[Stored data]:
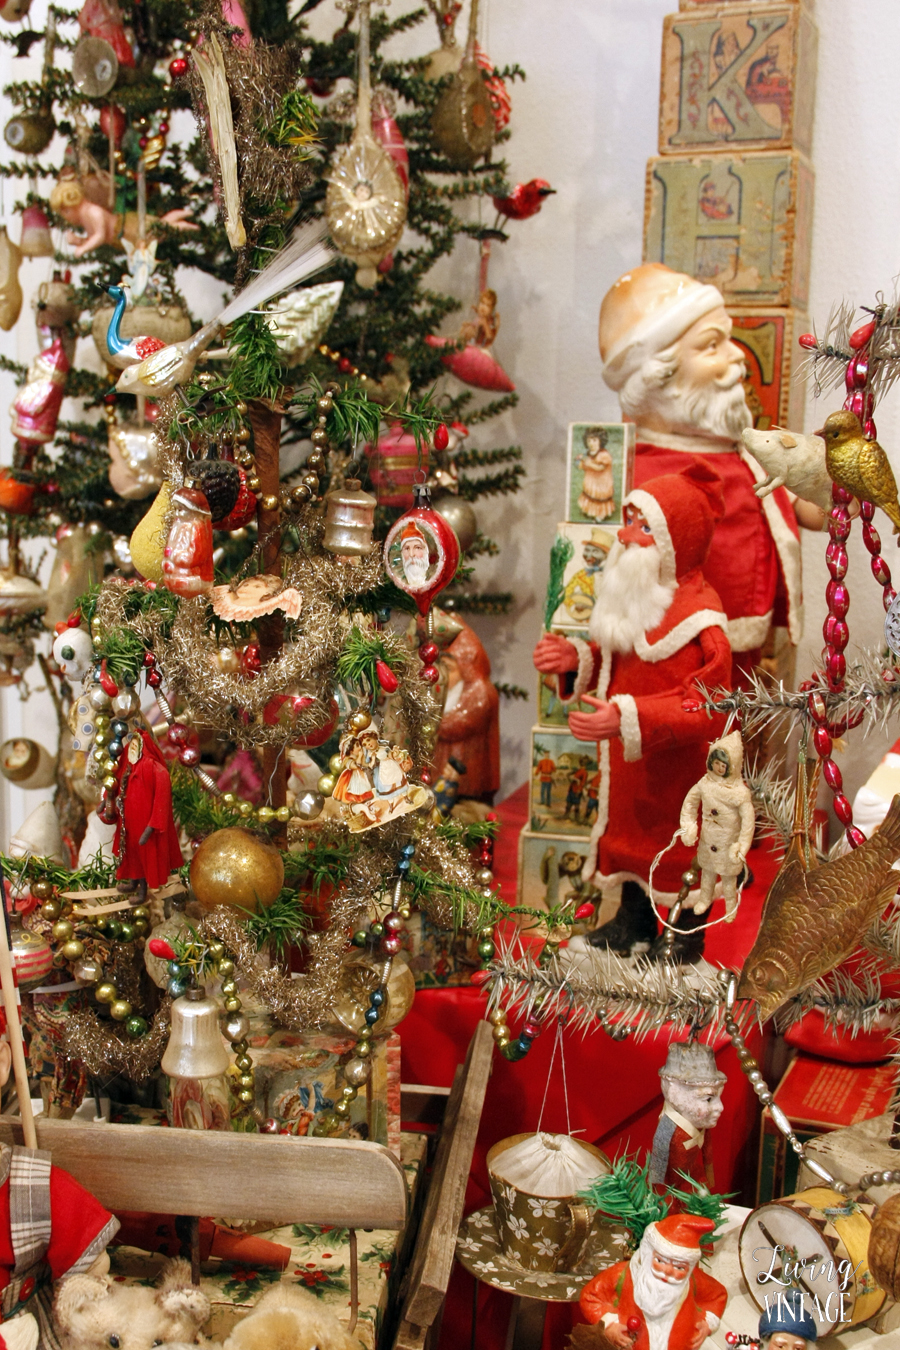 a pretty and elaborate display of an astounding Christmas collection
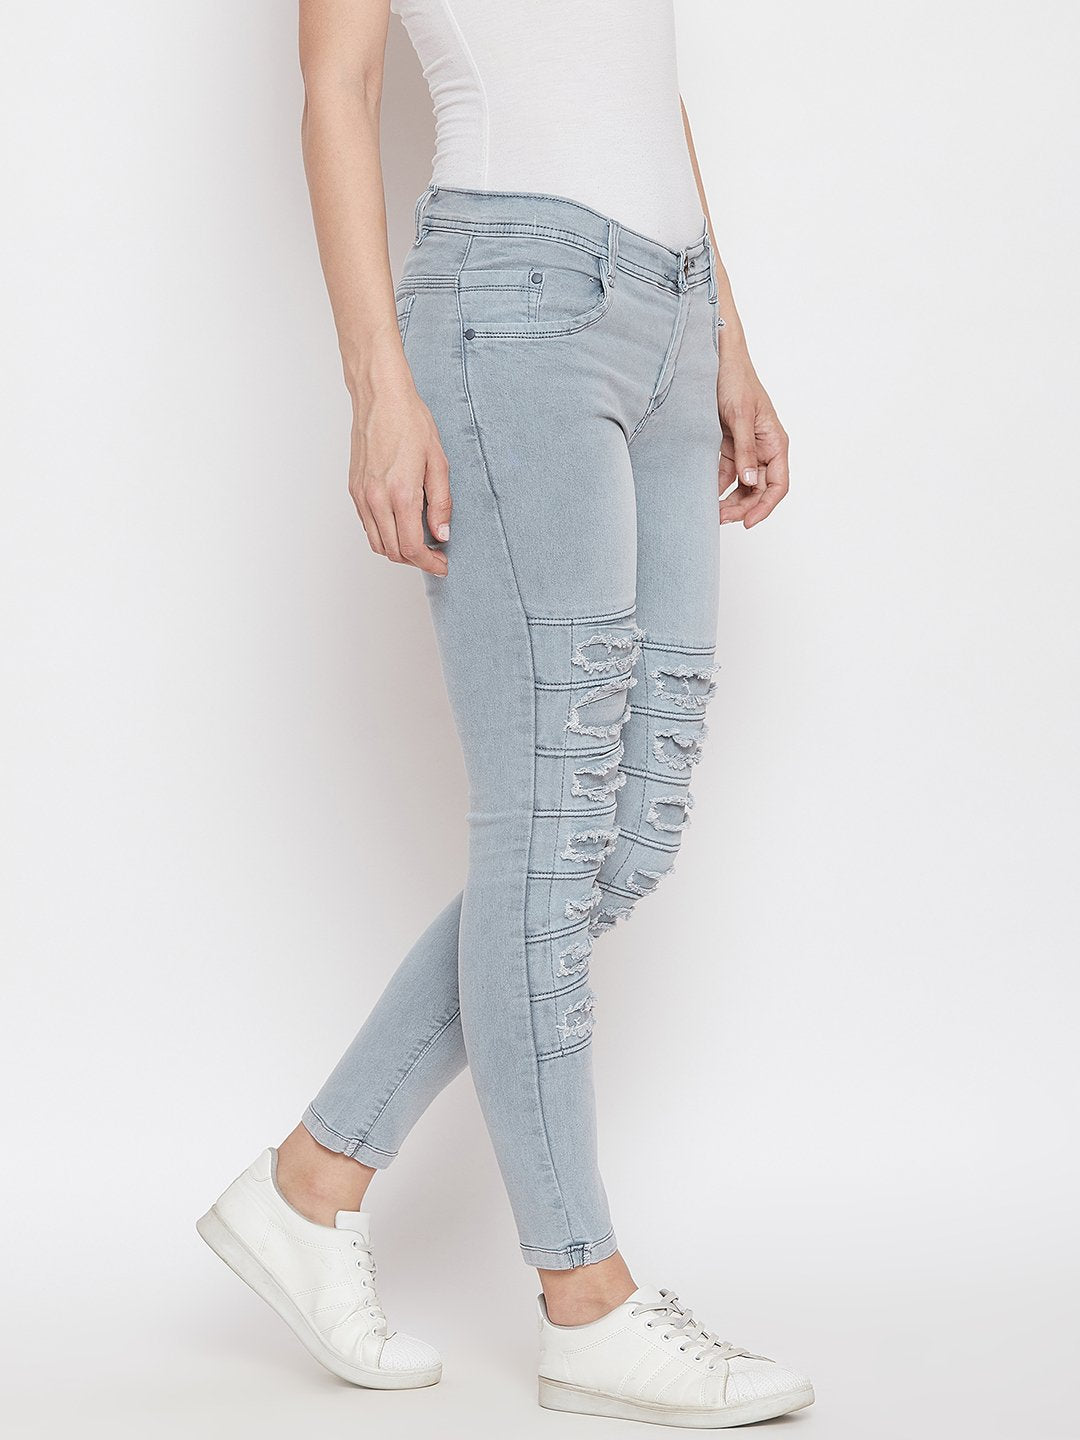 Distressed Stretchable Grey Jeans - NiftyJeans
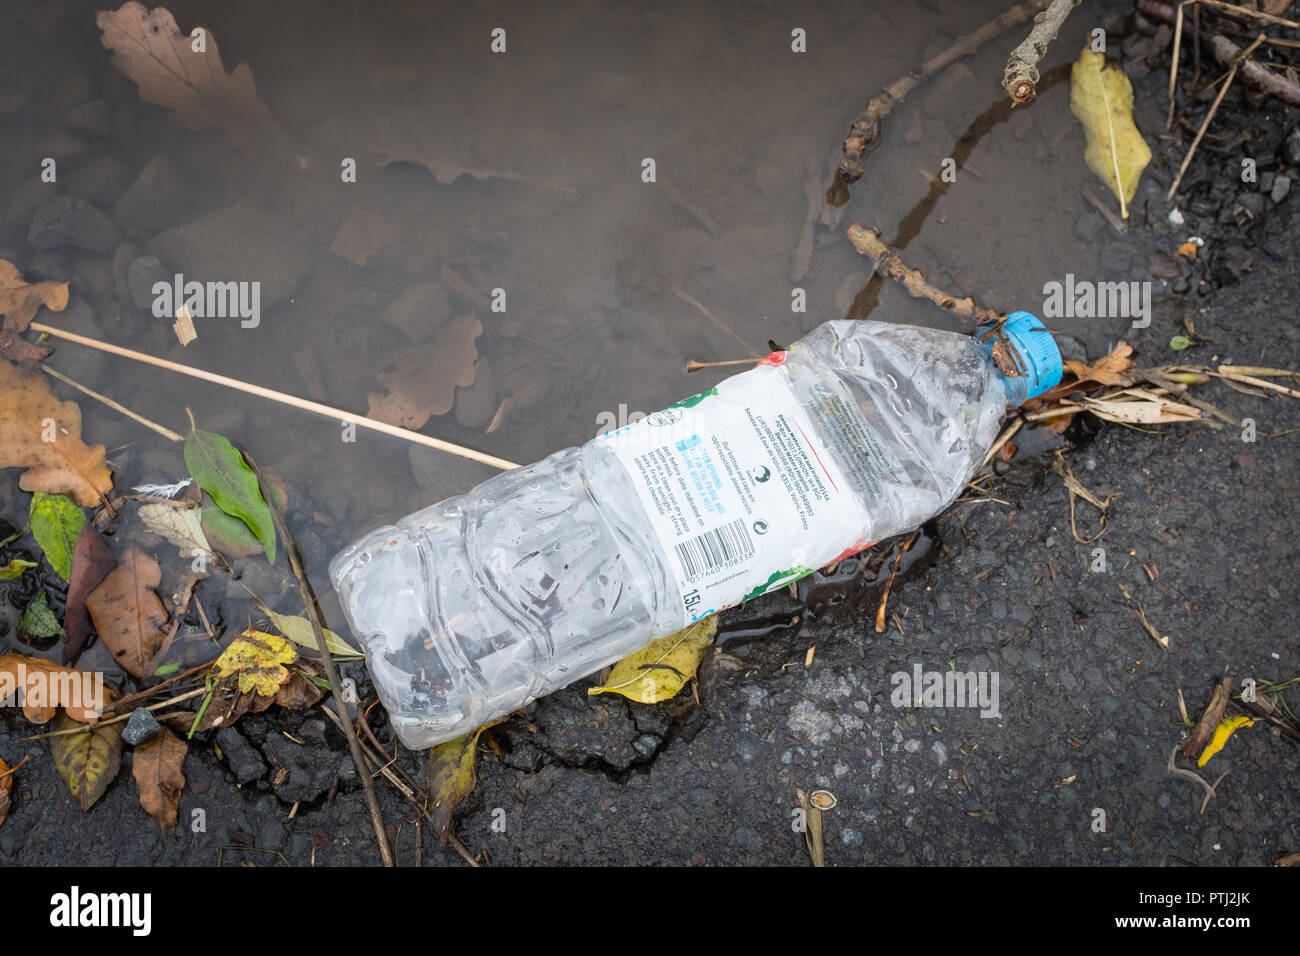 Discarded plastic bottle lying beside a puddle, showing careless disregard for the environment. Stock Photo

[Task instructions]:
Replicate the material above verbatim; images stay out of the copy.

[Written answer]:
 a pretty and elaborate display of an astounding Christmas collection
 Distressed Stretchable Grey Jeans - NiftyJeans
 Discarded plastic bottle lying beside a puddle, showing careless disregard for the environment. Stock Photo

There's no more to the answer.